### [SUPPLIED MATERIAL]

========

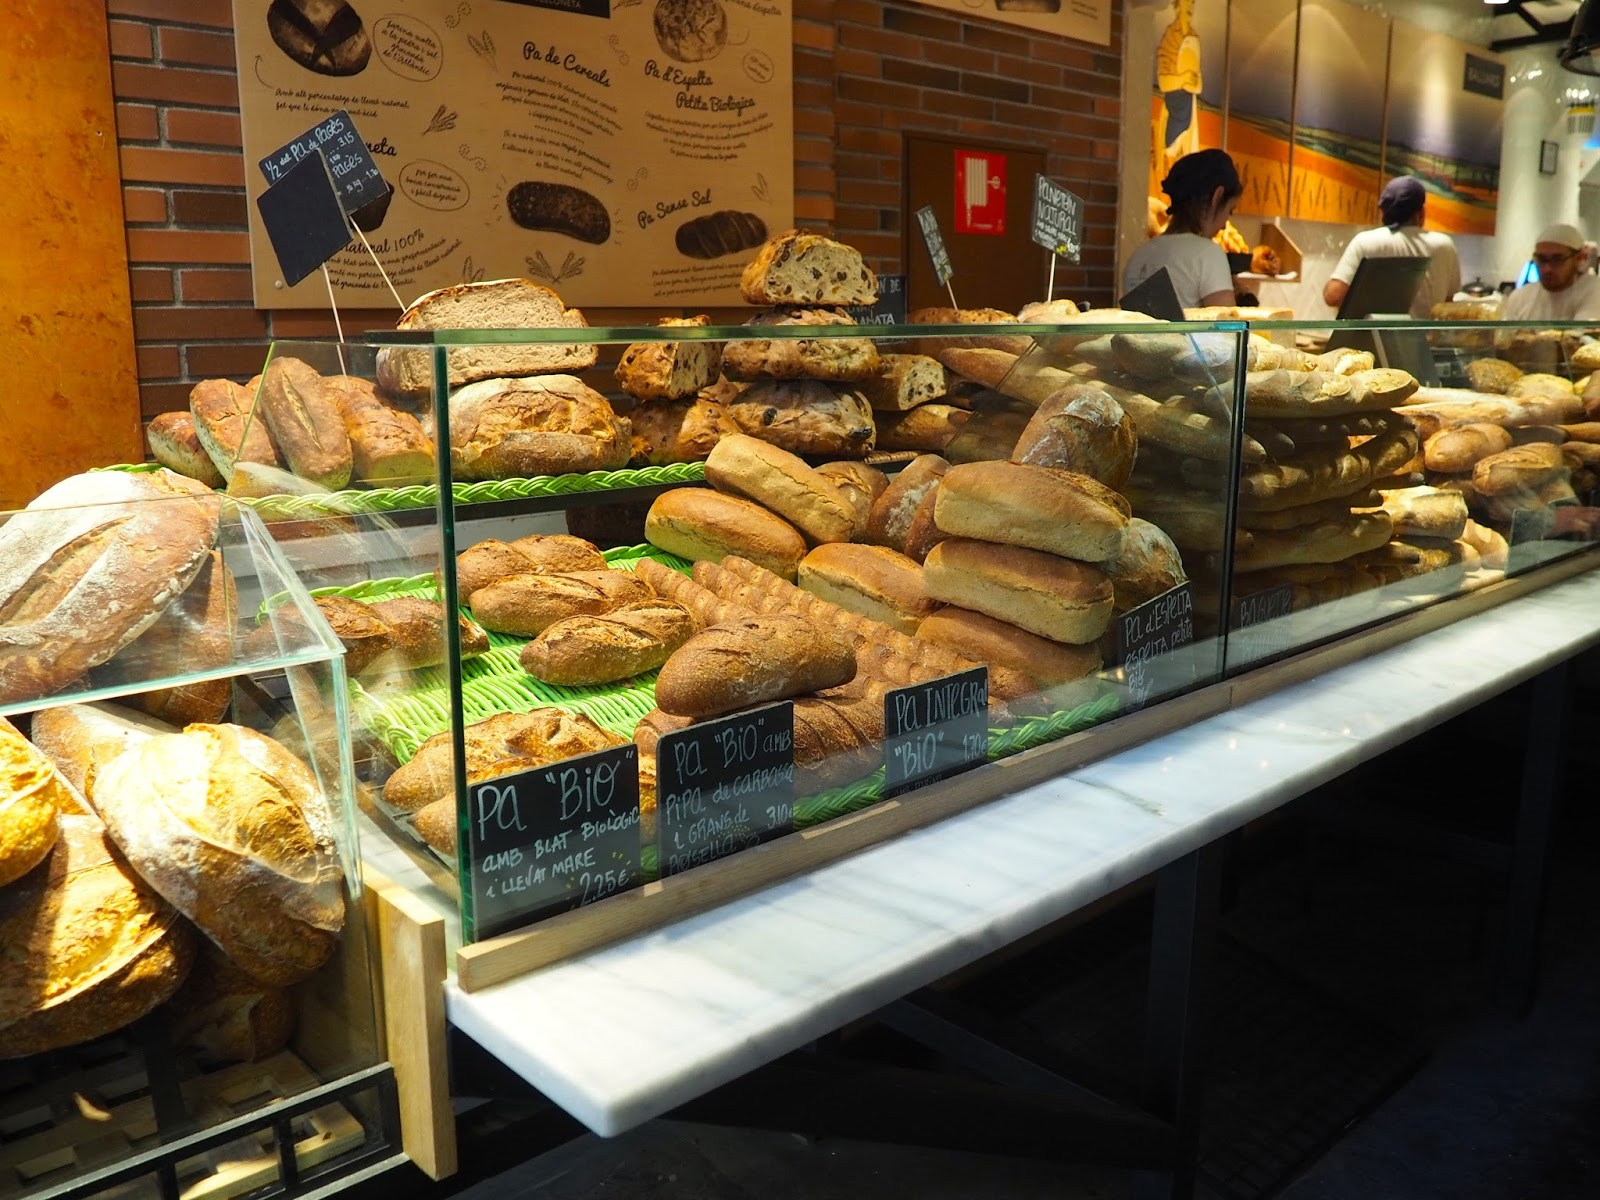 Barcelona Baluard Cafe Bakery Blog Post Review
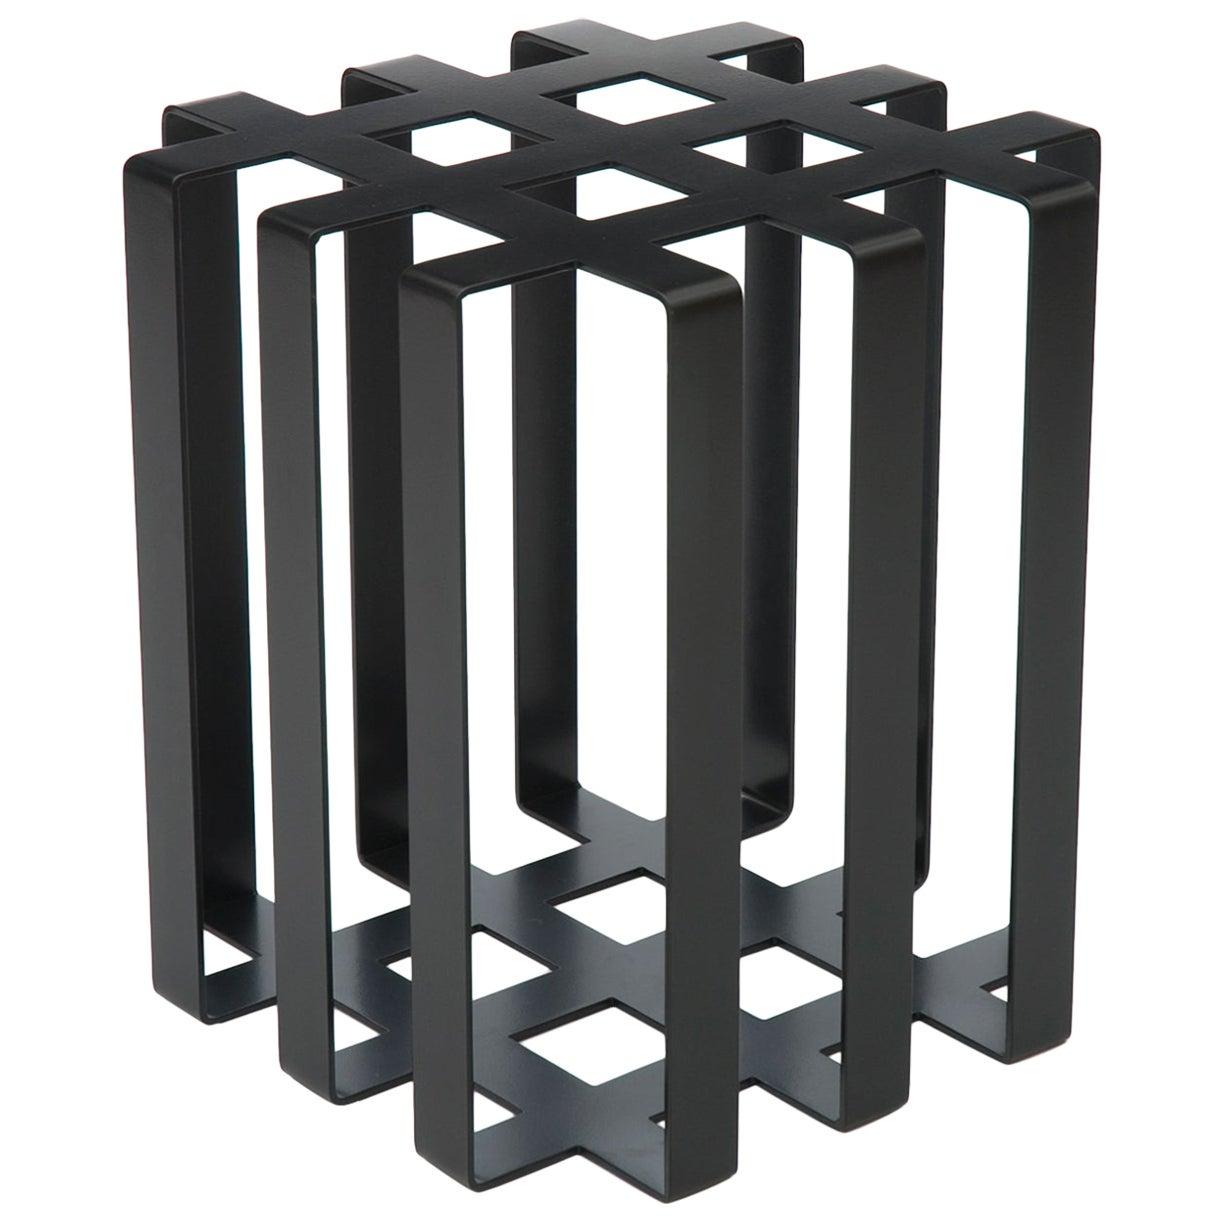 Ramen Geometric Modern Sculptural Side Table Black Powder-Coated Steel
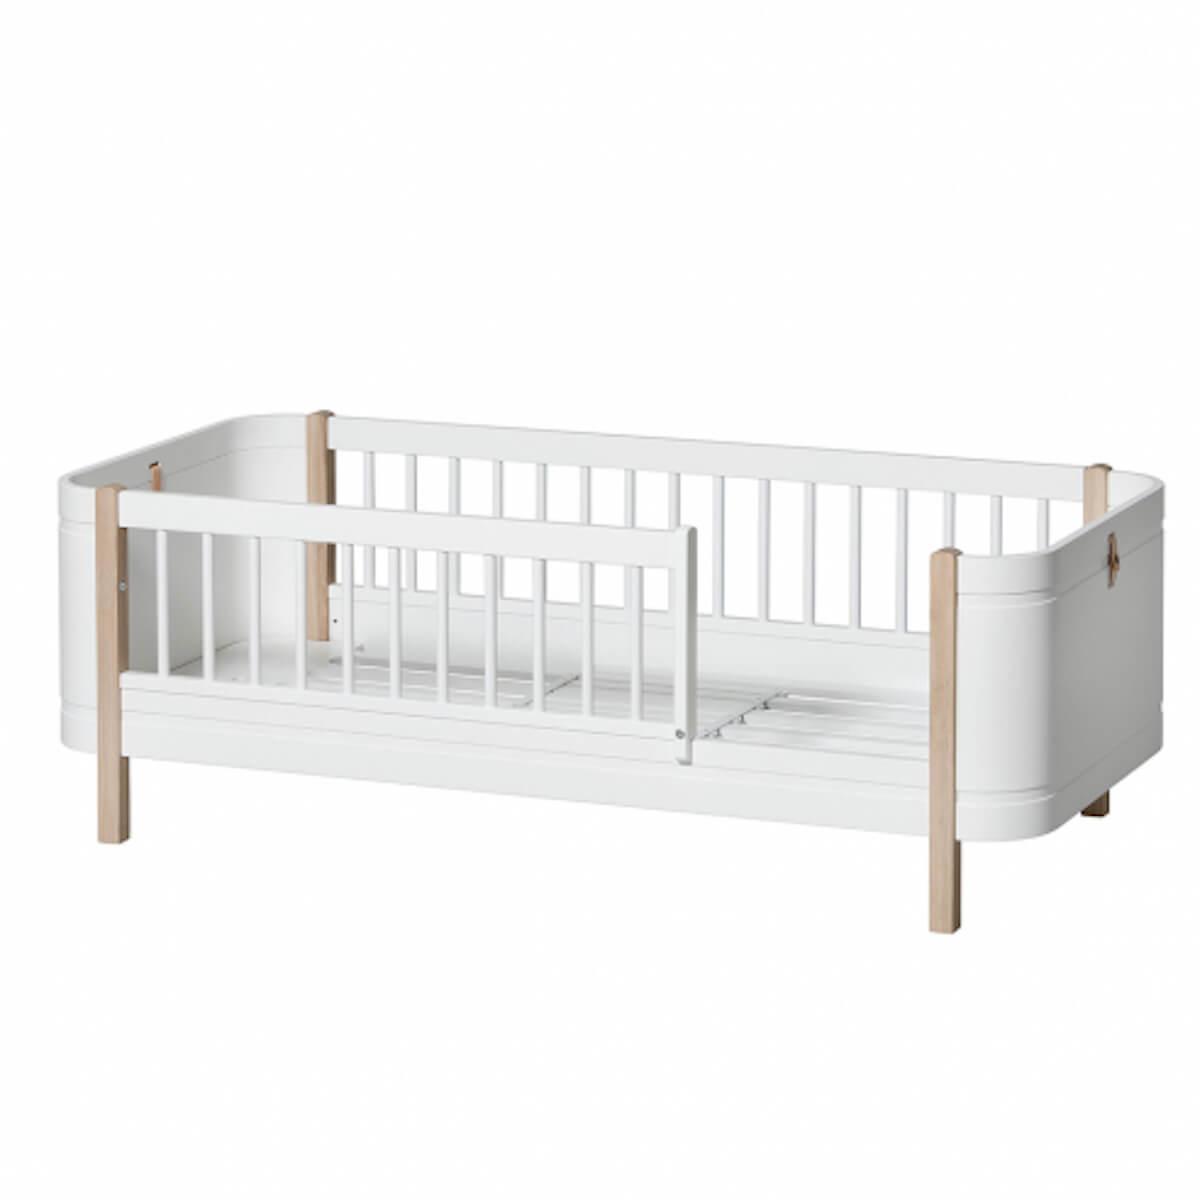 Lit junior 68x162cm MINI+ Oliver Furniture chêne-blanc

========

### [ACTIVITY]
For this exercise, return the data above exactly and leave every picture out.

### [OUTPUT BELOW]
 Barcelona Baluard Cafe Bakery Blog Post Review
 Ramen Geometric Modern Sculptural Side Table Black Powder-Coated Steel
 Lit junior 68x162cm MINI+ Oliver Furniture chêne-blanc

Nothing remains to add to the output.